Data under study:
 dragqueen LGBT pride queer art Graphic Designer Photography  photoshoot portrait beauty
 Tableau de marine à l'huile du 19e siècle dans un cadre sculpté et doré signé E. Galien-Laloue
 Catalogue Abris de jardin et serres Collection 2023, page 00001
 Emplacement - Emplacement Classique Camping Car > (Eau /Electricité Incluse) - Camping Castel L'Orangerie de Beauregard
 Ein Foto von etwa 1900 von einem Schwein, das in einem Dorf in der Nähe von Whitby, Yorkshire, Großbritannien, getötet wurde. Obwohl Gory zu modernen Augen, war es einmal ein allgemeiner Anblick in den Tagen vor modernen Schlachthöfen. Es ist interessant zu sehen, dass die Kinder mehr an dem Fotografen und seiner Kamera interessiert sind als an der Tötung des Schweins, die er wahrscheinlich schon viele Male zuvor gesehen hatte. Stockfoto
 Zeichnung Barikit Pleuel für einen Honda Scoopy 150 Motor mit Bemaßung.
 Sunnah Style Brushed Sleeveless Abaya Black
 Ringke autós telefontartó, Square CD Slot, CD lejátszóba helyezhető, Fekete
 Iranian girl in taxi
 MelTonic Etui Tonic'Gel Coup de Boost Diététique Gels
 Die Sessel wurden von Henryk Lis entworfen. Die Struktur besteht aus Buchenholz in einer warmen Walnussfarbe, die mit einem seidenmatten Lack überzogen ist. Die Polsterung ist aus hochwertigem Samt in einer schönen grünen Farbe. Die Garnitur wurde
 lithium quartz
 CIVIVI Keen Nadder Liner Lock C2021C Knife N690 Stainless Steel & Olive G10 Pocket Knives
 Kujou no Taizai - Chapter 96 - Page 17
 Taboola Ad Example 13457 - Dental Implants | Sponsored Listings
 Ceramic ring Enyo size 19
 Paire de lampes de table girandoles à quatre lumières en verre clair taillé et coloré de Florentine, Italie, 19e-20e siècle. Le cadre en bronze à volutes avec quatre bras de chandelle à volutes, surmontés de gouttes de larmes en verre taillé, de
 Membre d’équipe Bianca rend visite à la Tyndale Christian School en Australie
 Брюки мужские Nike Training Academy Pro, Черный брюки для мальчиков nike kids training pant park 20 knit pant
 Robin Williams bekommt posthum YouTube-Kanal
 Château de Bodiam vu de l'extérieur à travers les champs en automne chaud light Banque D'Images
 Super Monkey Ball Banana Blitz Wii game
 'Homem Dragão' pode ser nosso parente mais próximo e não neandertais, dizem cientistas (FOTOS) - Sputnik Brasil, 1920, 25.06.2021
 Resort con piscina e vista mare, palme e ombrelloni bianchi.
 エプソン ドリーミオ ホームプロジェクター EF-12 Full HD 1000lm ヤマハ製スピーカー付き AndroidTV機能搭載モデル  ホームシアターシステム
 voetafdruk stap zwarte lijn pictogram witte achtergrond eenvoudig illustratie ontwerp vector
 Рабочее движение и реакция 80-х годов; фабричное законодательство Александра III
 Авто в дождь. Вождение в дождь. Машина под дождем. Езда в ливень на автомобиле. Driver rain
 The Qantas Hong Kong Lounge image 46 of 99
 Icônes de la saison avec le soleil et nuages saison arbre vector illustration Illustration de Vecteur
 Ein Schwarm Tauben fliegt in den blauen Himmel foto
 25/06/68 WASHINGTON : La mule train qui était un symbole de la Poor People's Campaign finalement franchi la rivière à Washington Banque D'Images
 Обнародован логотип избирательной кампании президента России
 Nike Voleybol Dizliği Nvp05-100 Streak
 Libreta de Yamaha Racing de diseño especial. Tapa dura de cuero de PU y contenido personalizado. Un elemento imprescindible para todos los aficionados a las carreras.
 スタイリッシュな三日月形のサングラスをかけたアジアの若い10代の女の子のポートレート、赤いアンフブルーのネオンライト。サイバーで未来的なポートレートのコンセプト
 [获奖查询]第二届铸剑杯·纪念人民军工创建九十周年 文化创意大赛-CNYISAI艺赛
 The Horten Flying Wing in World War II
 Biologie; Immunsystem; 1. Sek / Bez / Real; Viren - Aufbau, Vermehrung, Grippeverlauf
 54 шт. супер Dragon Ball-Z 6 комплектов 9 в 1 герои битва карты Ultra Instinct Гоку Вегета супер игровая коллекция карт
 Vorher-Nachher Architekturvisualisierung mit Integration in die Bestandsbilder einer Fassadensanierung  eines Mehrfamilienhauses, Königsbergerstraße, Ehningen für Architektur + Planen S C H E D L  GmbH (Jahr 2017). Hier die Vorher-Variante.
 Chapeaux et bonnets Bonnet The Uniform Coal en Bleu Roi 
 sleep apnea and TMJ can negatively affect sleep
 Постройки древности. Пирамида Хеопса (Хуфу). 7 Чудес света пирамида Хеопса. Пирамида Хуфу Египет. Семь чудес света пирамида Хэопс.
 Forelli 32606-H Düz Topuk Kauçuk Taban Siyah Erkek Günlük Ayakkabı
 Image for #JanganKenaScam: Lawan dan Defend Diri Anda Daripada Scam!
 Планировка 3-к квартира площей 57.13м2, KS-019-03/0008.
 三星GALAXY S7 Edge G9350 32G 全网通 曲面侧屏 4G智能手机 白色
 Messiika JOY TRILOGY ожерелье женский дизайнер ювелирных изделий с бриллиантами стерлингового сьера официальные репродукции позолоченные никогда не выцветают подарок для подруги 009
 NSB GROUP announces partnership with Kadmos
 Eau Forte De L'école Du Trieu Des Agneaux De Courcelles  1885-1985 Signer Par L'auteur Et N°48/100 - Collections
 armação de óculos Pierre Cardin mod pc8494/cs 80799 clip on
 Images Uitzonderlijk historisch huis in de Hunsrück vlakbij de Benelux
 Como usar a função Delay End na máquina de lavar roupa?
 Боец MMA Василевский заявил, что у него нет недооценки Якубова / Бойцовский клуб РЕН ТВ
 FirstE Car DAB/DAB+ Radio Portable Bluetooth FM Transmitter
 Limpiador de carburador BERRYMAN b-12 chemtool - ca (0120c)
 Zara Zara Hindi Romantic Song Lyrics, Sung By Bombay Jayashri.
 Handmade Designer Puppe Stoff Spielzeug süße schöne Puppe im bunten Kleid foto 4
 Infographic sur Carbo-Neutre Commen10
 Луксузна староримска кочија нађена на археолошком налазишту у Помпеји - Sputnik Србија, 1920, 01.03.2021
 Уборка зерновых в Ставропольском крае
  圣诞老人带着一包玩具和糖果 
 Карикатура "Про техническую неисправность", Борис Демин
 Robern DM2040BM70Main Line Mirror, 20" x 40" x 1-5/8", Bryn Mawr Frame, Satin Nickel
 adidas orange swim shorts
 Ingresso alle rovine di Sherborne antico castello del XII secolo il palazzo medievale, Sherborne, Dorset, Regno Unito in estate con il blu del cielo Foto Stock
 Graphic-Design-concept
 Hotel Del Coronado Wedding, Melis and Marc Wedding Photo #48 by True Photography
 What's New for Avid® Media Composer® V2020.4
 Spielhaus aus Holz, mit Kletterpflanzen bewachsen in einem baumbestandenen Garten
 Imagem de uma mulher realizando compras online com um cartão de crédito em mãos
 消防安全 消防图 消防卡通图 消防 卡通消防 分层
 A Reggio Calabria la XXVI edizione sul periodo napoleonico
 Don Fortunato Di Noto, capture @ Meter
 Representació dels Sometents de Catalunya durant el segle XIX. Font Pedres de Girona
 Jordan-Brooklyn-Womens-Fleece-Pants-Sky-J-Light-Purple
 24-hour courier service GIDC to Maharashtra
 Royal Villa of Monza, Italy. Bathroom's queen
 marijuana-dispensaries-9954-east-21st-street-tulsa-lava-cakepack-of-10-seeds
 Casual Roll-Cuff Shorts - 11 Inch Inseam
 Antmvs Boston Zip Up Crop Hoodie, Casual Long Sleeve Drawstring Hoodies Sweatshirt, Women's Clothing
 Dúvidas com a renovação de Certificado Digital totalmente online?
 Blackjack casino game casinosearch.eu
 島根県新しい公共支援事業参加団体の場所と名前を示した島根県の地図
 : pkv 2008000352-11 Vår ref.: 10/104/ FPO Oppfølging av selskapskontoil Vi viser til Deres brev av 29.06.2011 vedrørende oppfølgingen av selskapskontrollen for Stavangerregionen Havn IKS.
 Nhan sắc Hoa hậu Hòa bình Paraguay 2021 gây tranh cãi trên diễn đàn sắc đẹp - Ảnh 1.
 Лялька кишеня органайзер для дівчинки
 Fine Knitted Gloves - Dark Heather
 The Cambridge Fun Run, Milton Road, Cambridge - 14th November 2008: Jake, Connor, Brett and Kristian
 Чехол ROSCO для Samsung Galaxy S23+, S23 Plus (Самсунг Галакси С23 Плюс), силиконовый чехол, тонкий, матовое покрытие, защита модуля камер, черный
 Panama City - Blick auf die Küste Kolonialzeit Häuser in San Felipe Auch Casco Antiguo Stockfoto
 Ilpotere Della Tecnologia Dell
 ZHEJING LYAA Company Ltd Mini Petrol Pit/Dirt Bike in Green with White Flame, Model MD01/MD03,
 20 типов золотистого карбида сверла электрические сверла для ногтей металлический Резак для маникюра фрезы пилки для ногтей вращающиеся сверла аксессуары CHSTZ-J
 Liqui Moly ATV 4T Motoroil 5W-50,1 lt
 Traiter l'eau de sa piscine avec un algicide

Task objective: In the data above, which lines lie between the line with "sleep apnea and" and the line with "消防安全 消防图 消防卡通图 消防 卡通消防 分层", inclusive? Print those lines exactly and nothing else.

Solution:
 sleep apnea and TMJ can negatively affect sleep
 Постройки древности. Пирамида Хеопса (Хуфу). 7 Чудес света пирамида Хеопса. Пирамида Хуфу Египет. Семь чудес света пирамида Хэопс.
 Forelli 32606-H Düz Topuk Kauçuk Taban Siyah Erkek Günlük Ayakkabı
 Image for #JanganKenaScam: Lawan dan Defend Diri Anda Daripada Scam!
 Планировка 3-к квартира площей 57.13м2, KS-019-03/0008.
 三星GALAXY S7 Edge G9350 32G 全网通 曲面侧屏 4G智能手机 白色
 Messiika JOY TRILOGY ожерелье женский дизайнер ювелирных изделий с бриллиантами стерлингового сьера официальные репродукции позолоченные никогда не выцветают подарок для подруги 009
 NSB GROUP announces partnership with Kadmos
 Eau Forte De L'école Du Trieu Des Agneaux De Courcelles  1885-1985 Signer Par L'auteur Et N°48/100 - Collections
 armação de óculos Pierre Cardin mod pc8494/cs 80799 clip on
 Images Uitzonderlijk historisch huis in de Hunsrück vlakbij de Benelux
 Como usar a função Delay End na máquina de lavar roupa?
 Боец MMA Василевский заявил, что у него нет недооценки Якубова / Бойцовский клуб РЕН ТВ
 FirstE Car DAB/DAB+ Radio Portable Bluetooth FM Transmitter
 Limpiador de carburador BERRYMAN b-12 chemtool - ca (0120c)
 Zara Zara Hindi Romantic Song Lyrics, Sung By Bombay Jayashri.
 Handmade Designer Puppe Stoff Spielzeug süße schöne Puppe im bunten Kleid foto 4
 Infographic sur Carbo-Neutre Commen10
 Луксузна староримска кочија нађена на археолошком налазишту у Помпеји - Sputnik Србија, 1920, 01.03.2021
 Уборка зерновых в Ставропольском крае
  圣诞老人带着一包玩具和糖果 
 Карикатура "Про техническую неисправность", Борис Демин
 Robern DM2040BM70Main Line Mirror, 20" x 40" x 1-5/8", Bryn Mawr Frame, Satin Nickel
 adidas orange swim shorts
 Ingresso alle rovine di Sherborne antico castello del XII secolo il palazzo medievale, Sherborne, Dorset, Regno Unito in estate con il blu del cielo Foto Stock
 Graphic-Design-concept
 Hotel Del Coronado Wedding, Melis and Marc Wedding Photo #48 by True Photography
 What's New for Avid® Media Composer® V2020.4
 Spielhaus aus Holz, mit Kletterpflanzen bewachsen in einem baumbestandenen Garten
 Imagem de uma mulher realizando compras online com um cartão de crédito em mãos
 消防安全 消防图 消防卡通图 消防 卡通消防 分层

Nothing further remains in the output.